日本将棋連盟・佐藤康光会長が語る「札幌に全国5番目の研修会設立」の理由

2020年1月26日 11:00 文春オンライン

「もともと他の人が言っていた手を指すのは好きではないタイプです。将棋ソフトが見つけた手はなおさら指す気になりません」

 インタビューで、きっぱり言い切ったのは佐藤康光氏。タイトル通算13期、順位戦A級通算23期、竜王戦1組26期。50歳となった今もA級で戦い続けるトップ棋士である。

 AI全盛の将棋界。近年、戦法や戦型の流行のペースが速いのも、AIの普及と決して無縁ではない。棋士は勝負師、研究者、芸術家の3つの顔を持つと言われるが、佐藤氏の強いこだわりに棋士の一分と言ってもいい誇りを感じる。

 ちなみに佐藤氏が色紙にしばしば揮毫する言葉は「天衣無縫」。その意味は辞書によると、天人の衣服には人工の縫い目などがない意から、詩歌などに技巧をこらしたあとがなく、いかにも自然で完美であるさまの形容、とある。

設立されれば札幌は5番目となる

 ところで佐藤氏には現在、もう1つの顔がある。日本将棋連盟の会長だ。その将棋連盟が北の大地・北海道で、かねてからの悲願を叶えようと動いている。

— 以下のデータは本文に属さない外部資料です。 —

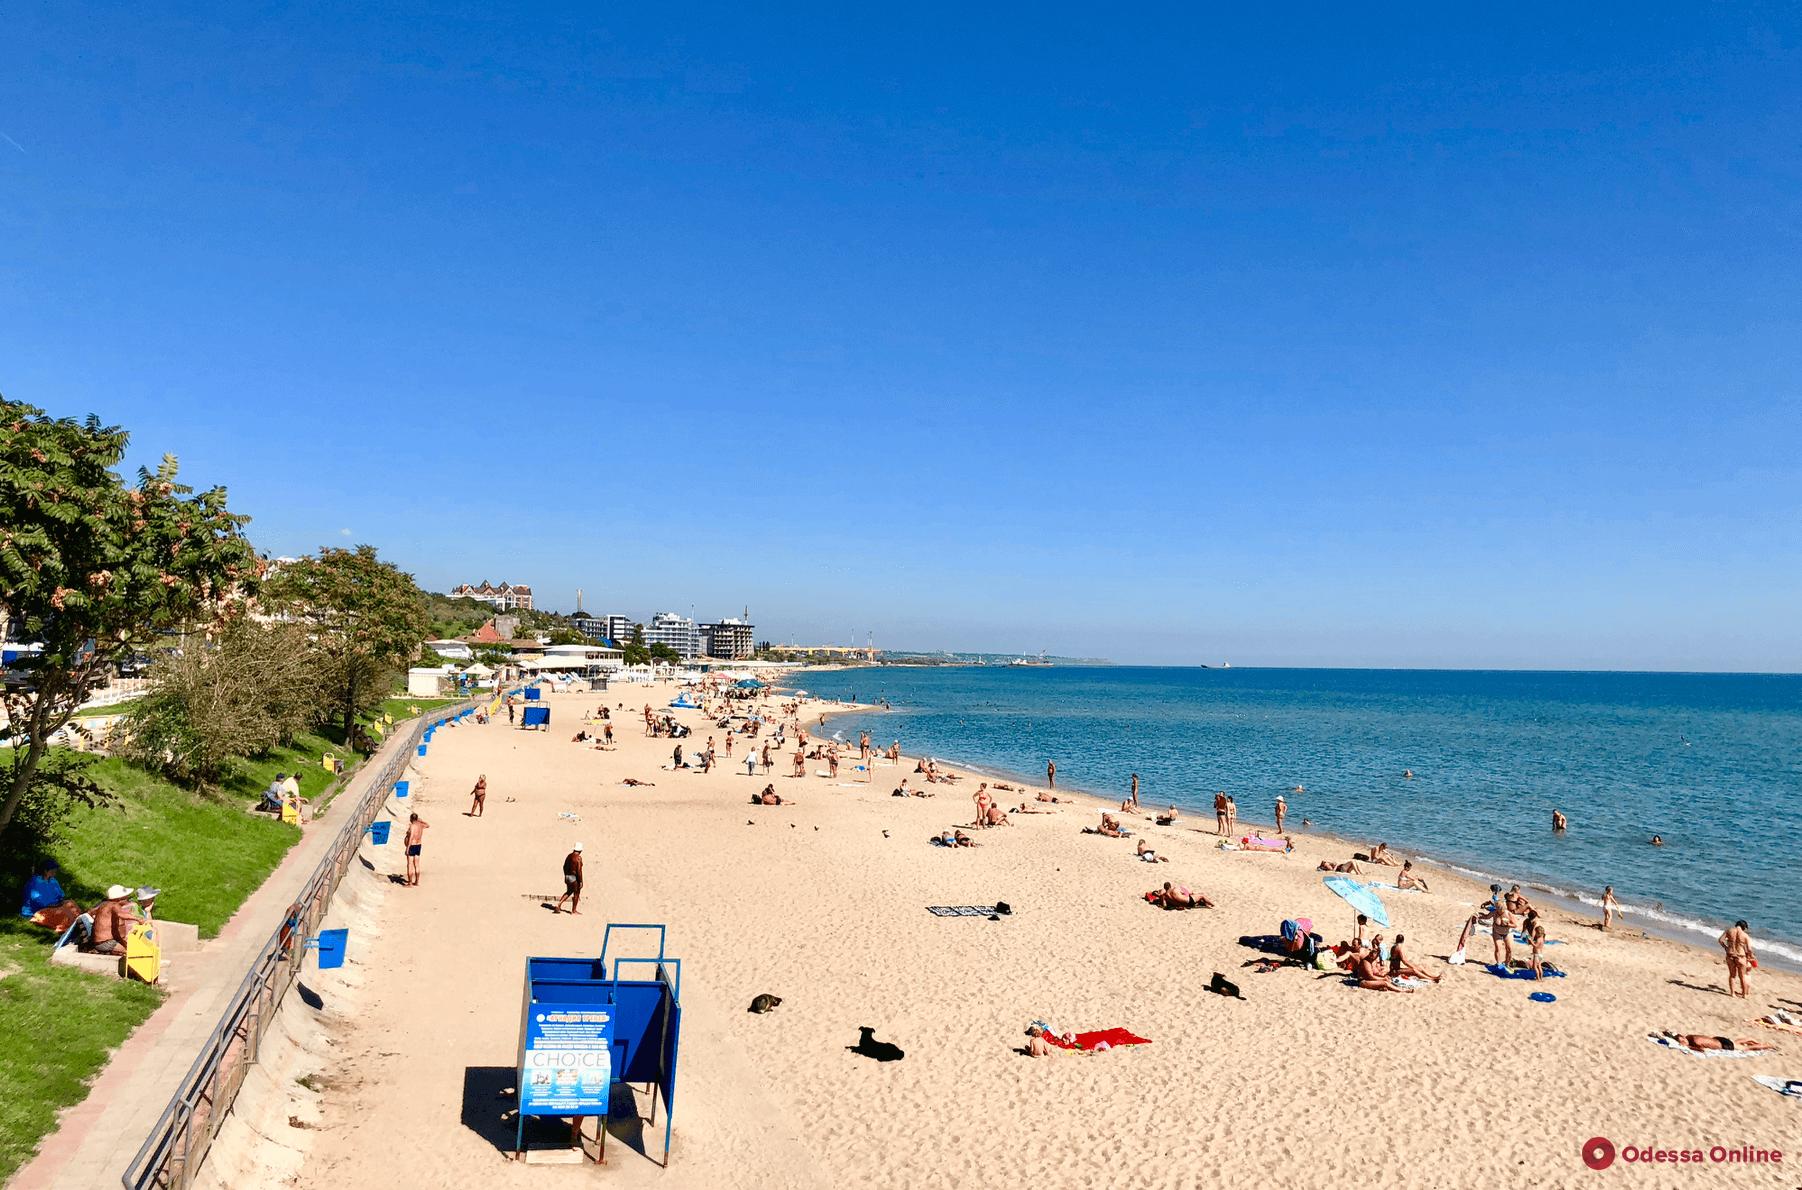 Аттракционам здесь не место: на территории городского пляжа Черноморска запретили размещение бассейнов

 東京以北で初となる研修会の設立である。奨励会がプロ棋士の登竜門として存在する一方、研修会は機能が若干異なる。

 同じように実力でクラス分けされるのは奨励会と同じ。一定ランク以上になると奨励会への編入や女流棋士デビューへの道が開かれるが、必ずしも奨励会の下部組織ではない。

「将棋を通じた、お子さんの精神修養や健全育成の貢献を目指しています」(佐藤氏)

 研修会は将棋のすそ野拡大も狙いとなっている。東京、大阪以外では名古屋、福岡にすでにあり、設立されれば札幌は5番目となる。

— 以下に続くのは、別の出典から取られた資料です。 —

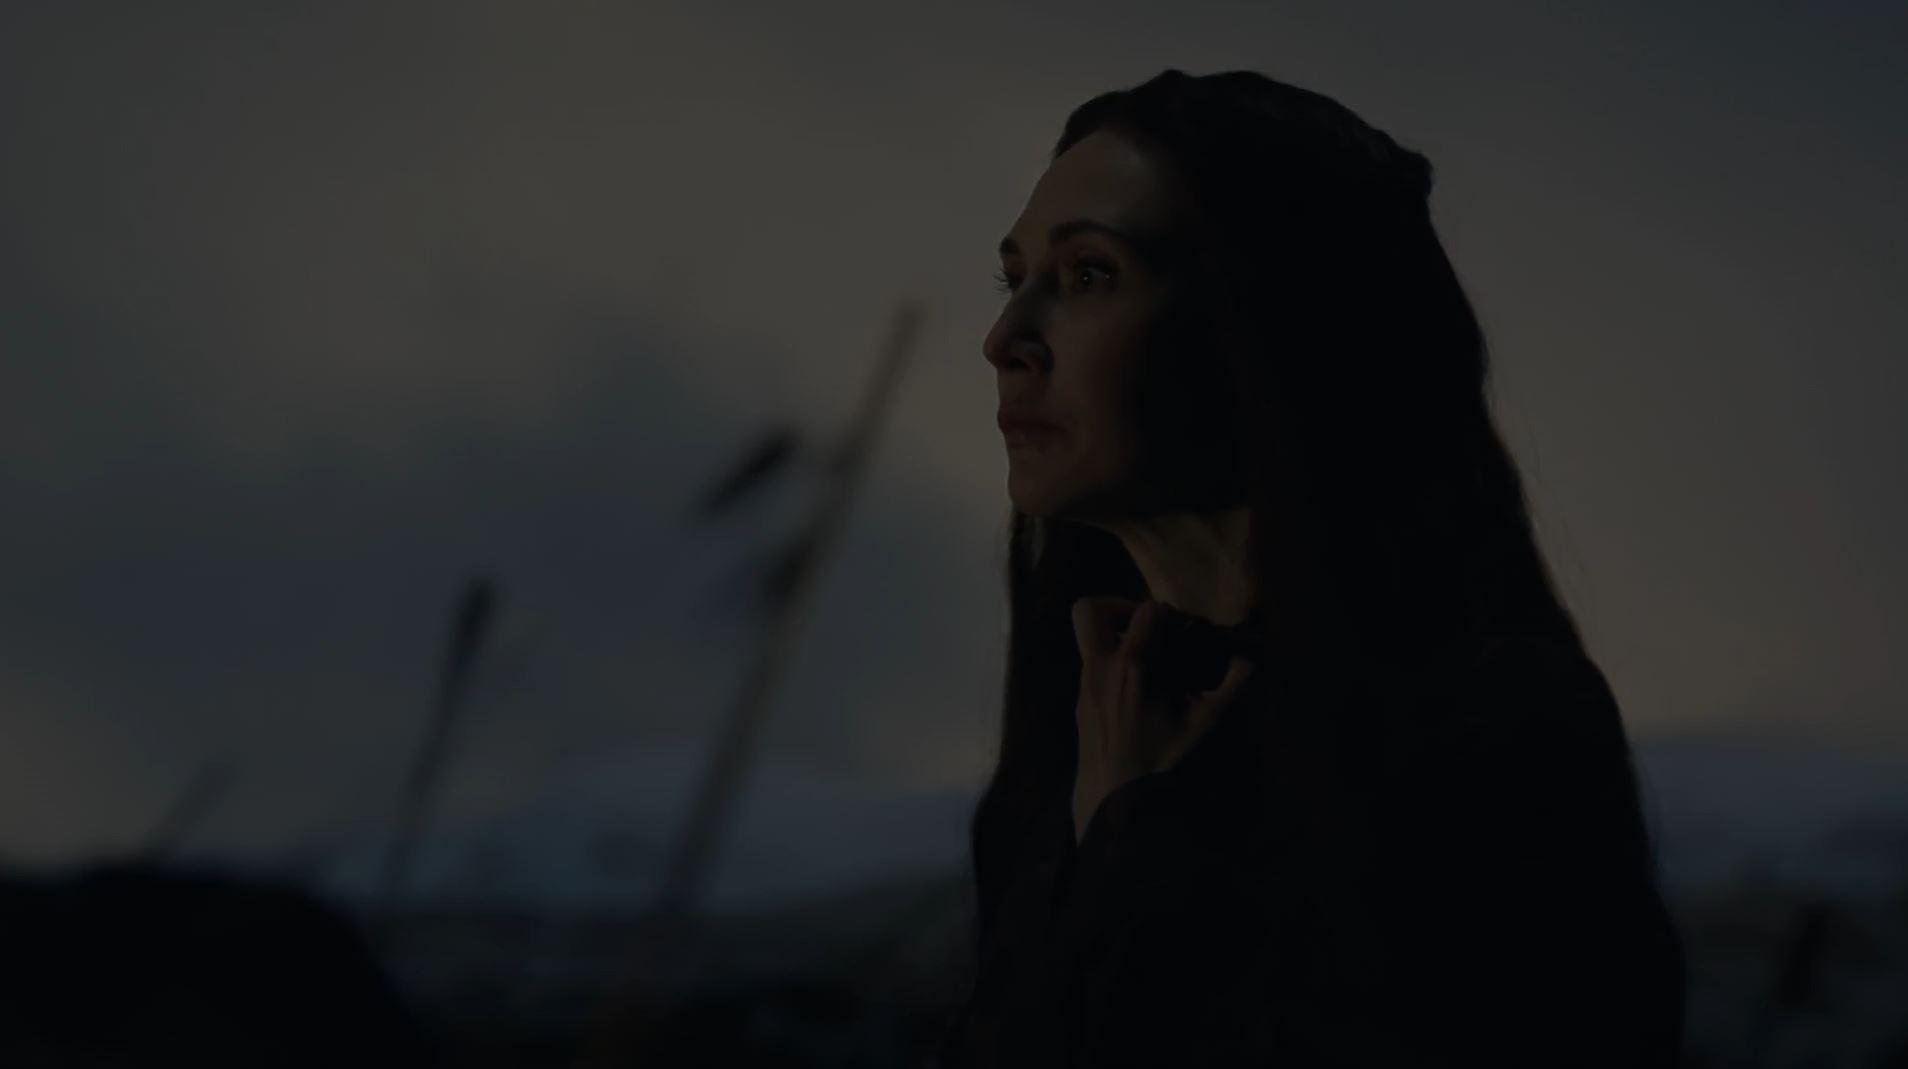 Game of Thrones season 8, episode 3 analysis: The Long Night

「研修会の設立を機に、さらに将棋への関心が広がればありがたいですね。今年10月のスタートを予定しているところです」(佐藤氏)

 1月15日発売の「財界さっぽろ」2月号では、「札幌に研修会、北海道の将棋界を盛り上げる」と題し、来札した佐藤氏のインタビューを掲載。昨今の将棋ブームの背景、プロ棋士YouTubeチャンネル、SNSなどについても話を聞いた。

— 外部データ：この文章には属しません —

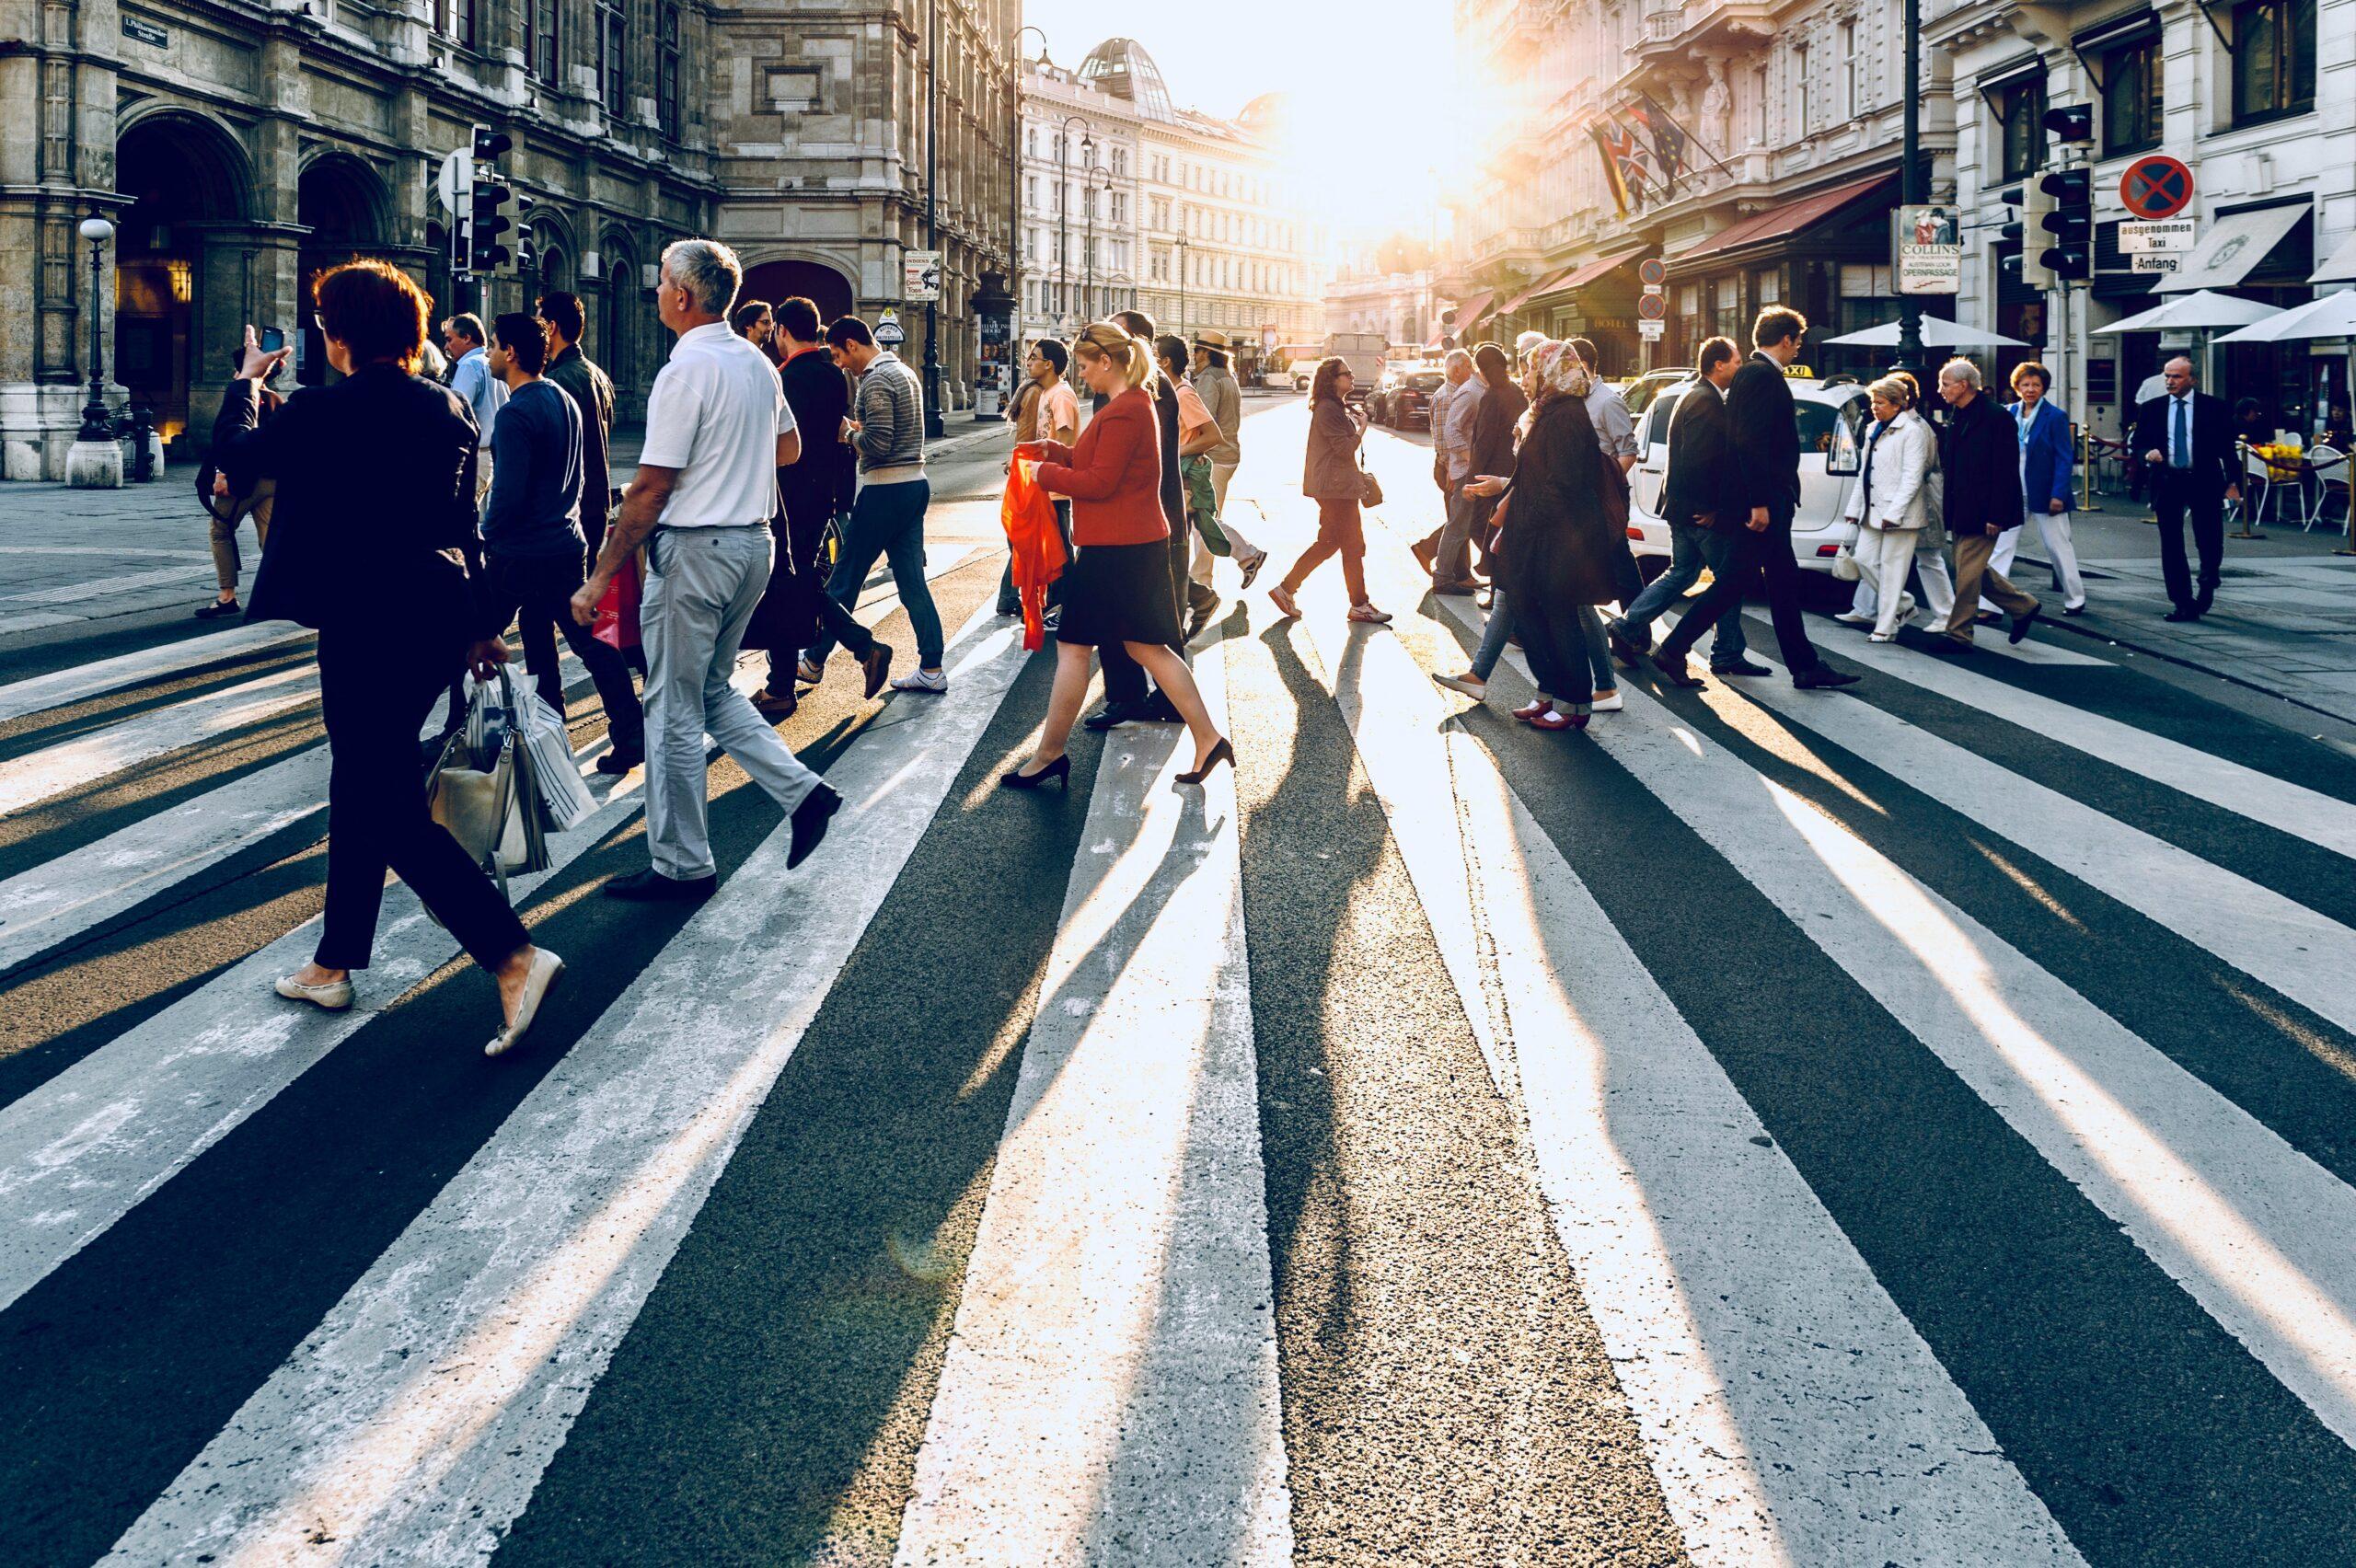 Genta cruzando las calles de New York

「財界さっぽろ」2月号は、北海道内の書店、コンビニとAmazonで好評発売中。財界さっぽろホームページ(https://www.zaikaisapporo.co.jp/bookshelf/digital/)から、パソコンやスマホで読めるデジタル版も購入できる。

(「財界さっぽろ」編集部)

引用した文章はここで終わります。